Your two equations are equivalent, and are both versions of the quantum YBE. (The question from the comments does a good job of answering your classical versus quantum question.)
Write the first as
$$
(c \otimes id)(id \otimes c)(c \otimes id) = (id \otimes c)(c \otimes id)(c \otimes id)
$$
and the second as
$$
R_{12}R_{13}R_{23} = R_{23}R_{13}R_{12}.
$$
Let $\tau : V \otimes V \to V \otimes V$ be the permutation map $\tau(v_1 \otimes v_2) = v_2 \otimes v_1$.
Then a solution $R$ to the second gives a solution $c = \tau R$ to the first, and vice-versa.
Whether or not to include the permutation in the definition of $R$-matrix is just a convention.

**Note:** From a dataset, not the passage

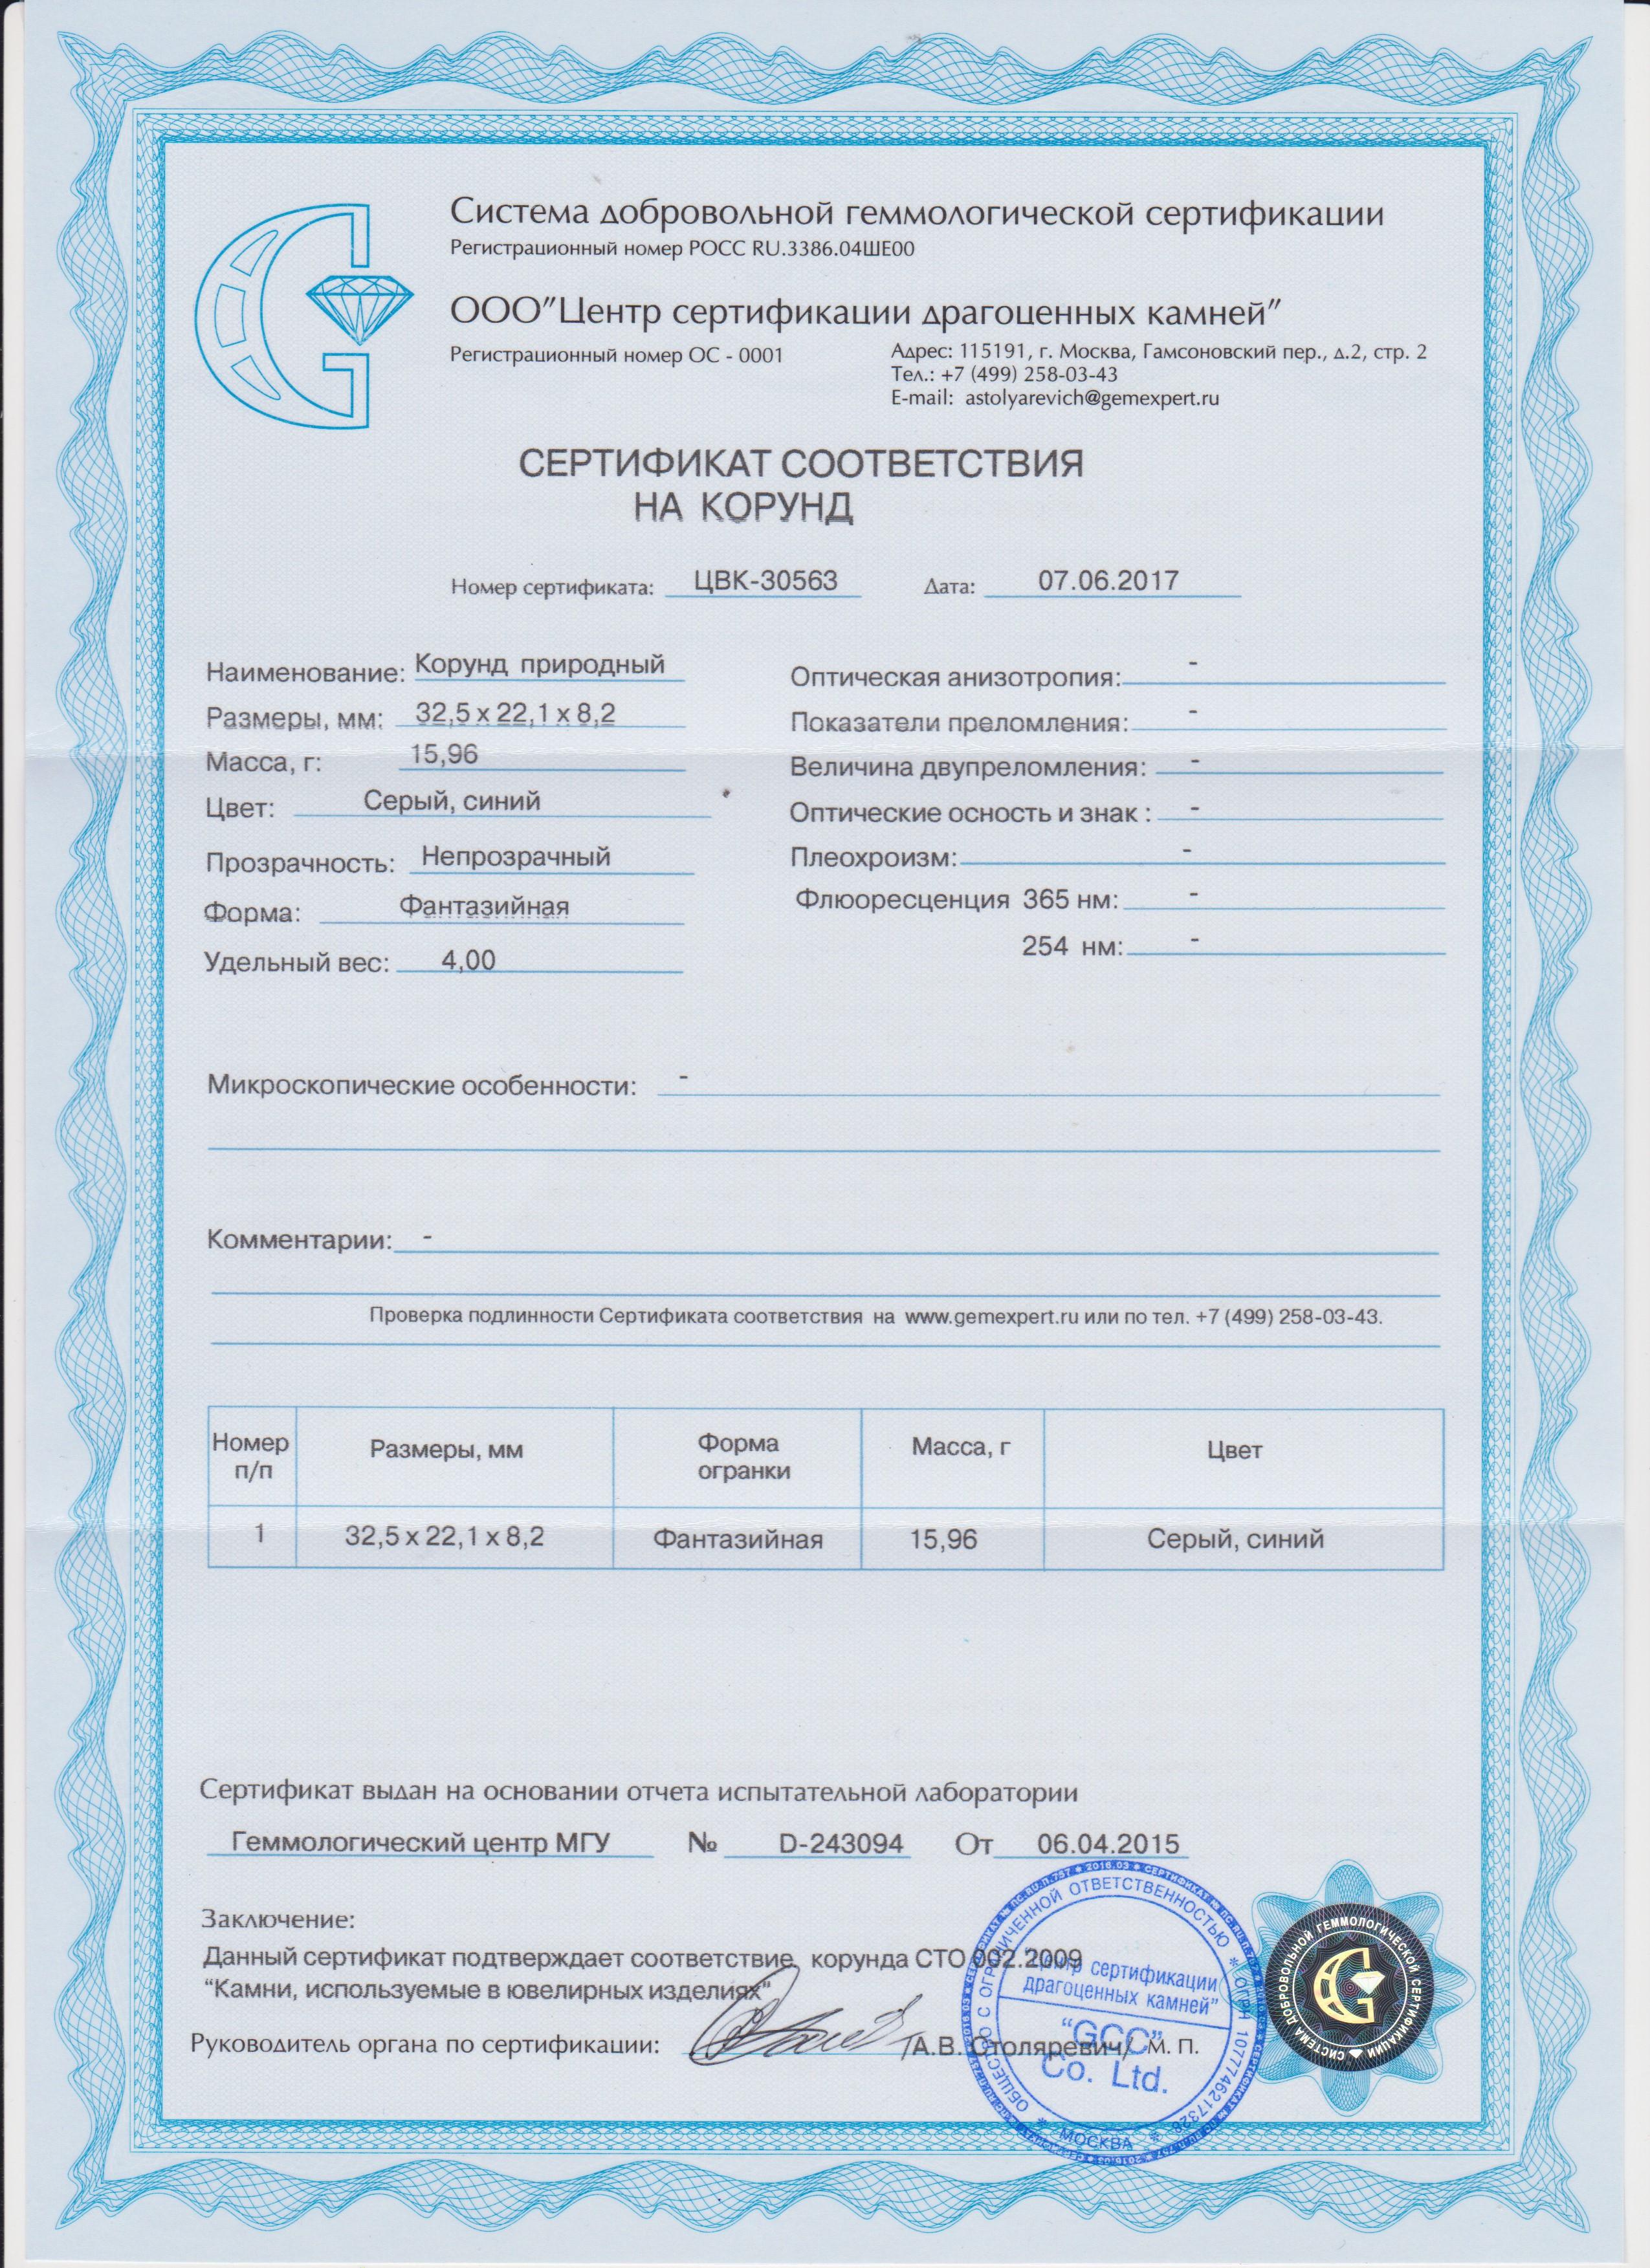 https://mineralmarket.ru/img/certificate/337/1497884573.jpg

In the quantum groups literature, $V$ is a module for a quasitriangular Hopf algebra $H$ and $R$ can be given by the action of the universal $R$-matrix $\mathcal{R} \in H \otimes H$. Since $\tau$ will not be given by the action of something in $H \otimes H$, it's natural to leave it out.

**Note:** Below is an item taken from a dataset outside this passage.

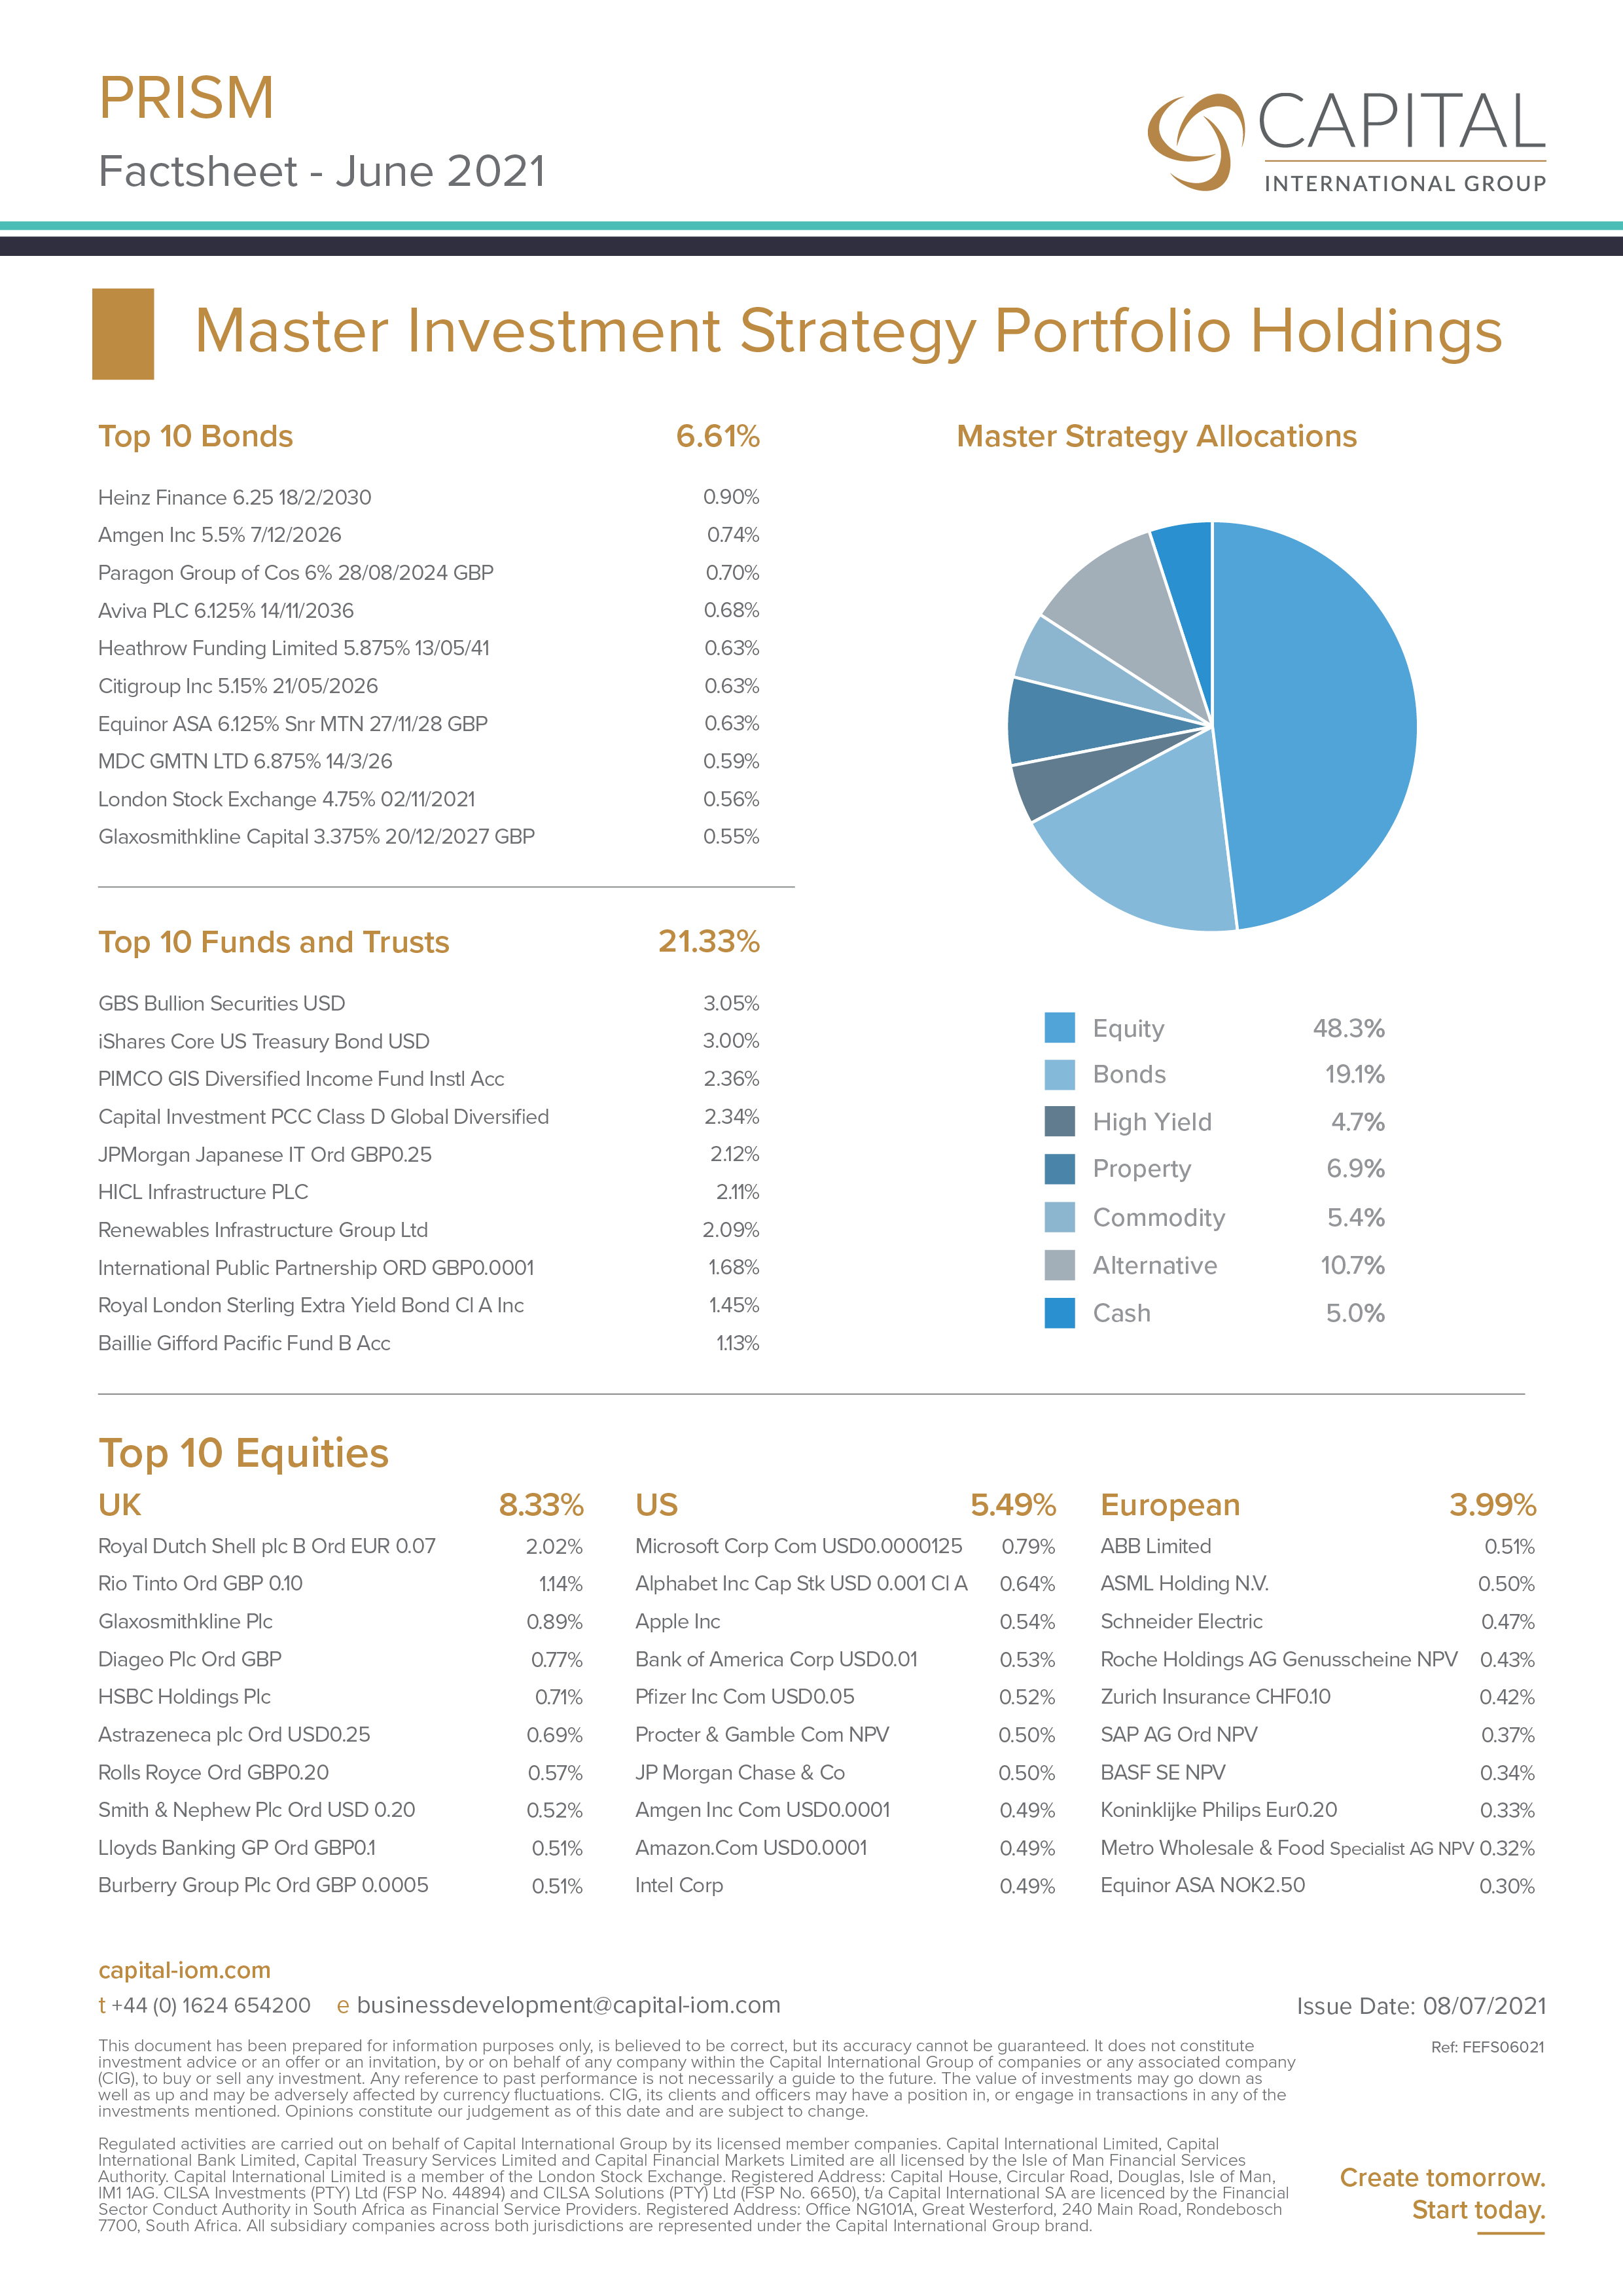 Prism Top 10 Holdings June 2021

(I think the YBE for $R$ is also more natural in the spin chain context, but I know less about that.)
However, in quantum topology we focus more on $c = \tau R$ (because it gives braid group representations) and less on $R$, so some authors eliminate the distinction and call $c$ an $R$-matrix. I prefer to call $c$ a braiding and $R$ an $R$-matrix, but this convention is not universal.